In The Magic Flute, Charles Castronovo delivered Tamino's "Dies Bildnis ist bezaubernd schȍn" with an eloquence of diction and flexibility of pulse seldom encountered nowadays. Castronovo and Ekaterina Siurina (his real-life wife), as Pamina, anchored the show; they made everything else matter. Tim Albery's breezy production, sung in German, sensibly used breezy English-language dialogue -- accompanied, at one point, by a solo flute reprise of "Dies Bildnis." Bart Feller's fluting in the pit, here and elsewhere, was of the highest distinction. For that matter, Santa Fe's orchestra is world-class in every department. And all five of the summer's conductors -- Lawrence Renes (Magic Flute), Sir Andrew Davis (Herring), Antony Walker (Butterfly), Leonard Slatkin (Life is a Dream), and Stephen Lord (Hoffmann) -- impressed.

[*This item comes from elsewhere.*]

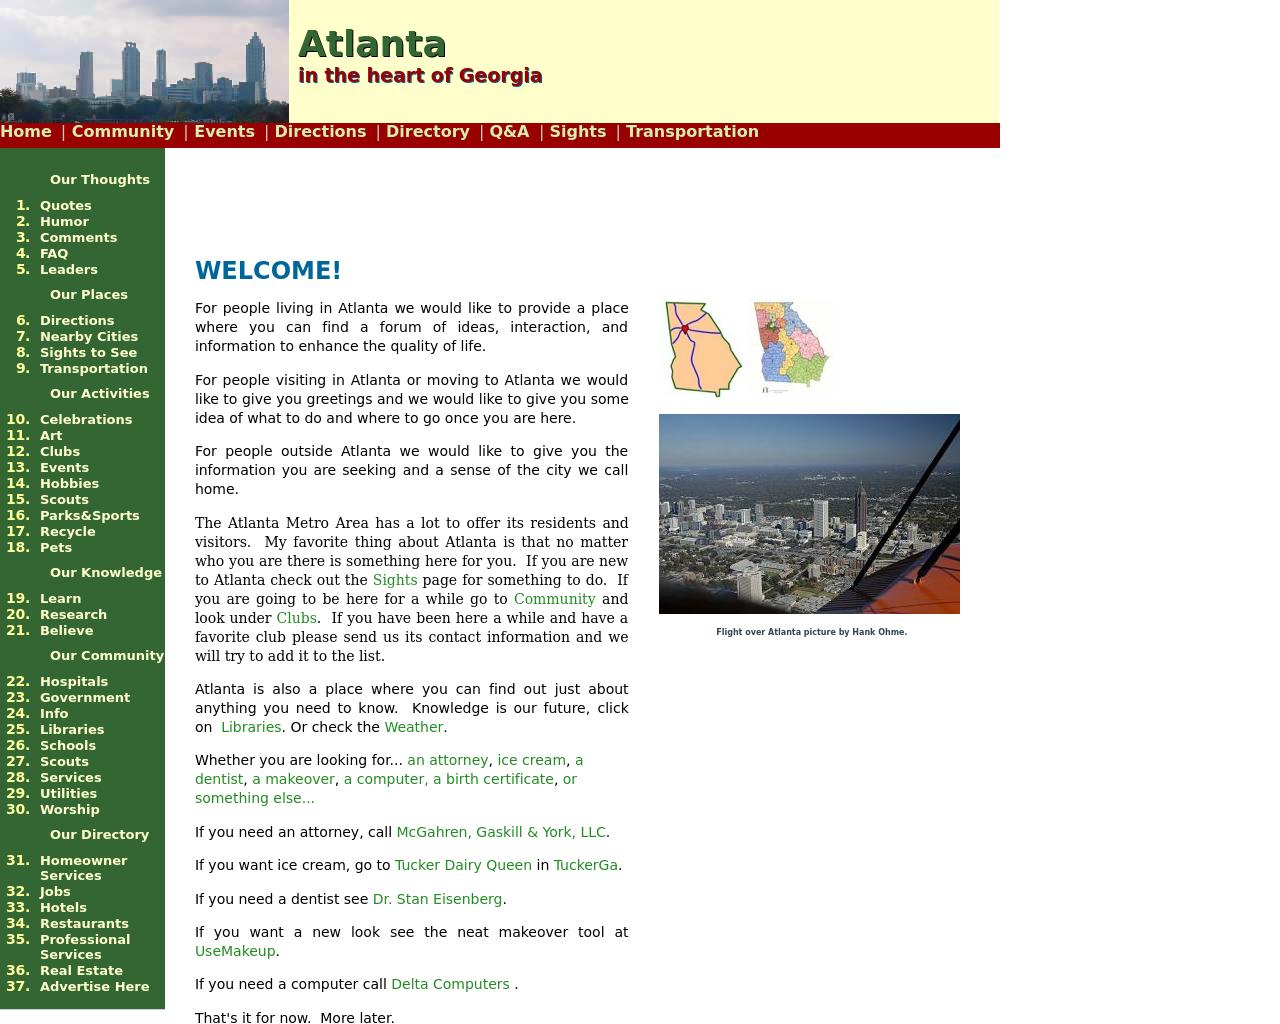 Atlanta-In-The-Heart-Of-Georgia-Advertising-Reviews-Pricing

The Santa Fe Opera transcends the visible sum of its parts. From the start, Crosby incorporated an ambitious apprentice program for aspiring singers. It flourished and has been widely emulated. But Crosby's Santa Fe Opera was in other respects a relatively isolated enclave. Gaddes and now MacKay have moved toward integrating the Santa Fe Opera with Hispanic Santa Fe. A vigorous educational agenda links with Santa Fe's schools and with the Santa Fe community. Incongruously, only three productions in the company's half-century history have been sung in Spanish: Villa-Lobos's Yerma in 1971, Falla's La vida breve (a weak work) in 1975, and the Golijov in 2005. MacKay's decision to mount Life is a Dream was a considered Calderón gesture. American opera companies can no longer afford the elitism of an earlier cultural moment, when a sizable constituency of initiates could be assumed. A fresh consideration of Falla's El amor brujo, or of a top-drawer zarzuela, might make sense for Santa Fe. The company could also use a more serious bookstore, and more serious opportunities for pre- and post-performance engagement (though Alden's Tales of Hoffmann proved controversial, no opportunity was afforded to chat with the director). Finally, an important summer opera festival several miles from anywhere needs a restaurant.

So far, MacKay has bravely and resourcefully stared down the recession. Next season, Santa Fe offers new productions of Gounod's Faust (with the company's newly appointed chief conductor, Frédéric Chaslin), Vivaldi's Griselda (staged by Peter Sellars), Menotti's The Last Savage, and La bohème, plus a revival of Berg's Wozzeck (led by David Robertson). The company's contributed income is holding steady. Attendance (fifty per cent from out of state, two and a half per cent -- too few -- from abroad) remains strong. In fact, the quality of interest and attention displayed by the Santa Fe audience may be the strongest indication that things are OK. In today's American performing arts, retrenchment and panic often signal over-reliance on brand-name repertoire and performers, or -- worse -- a self-defeating craving for celebrity. In Santa Fe, John Crosby's legacy remains intact.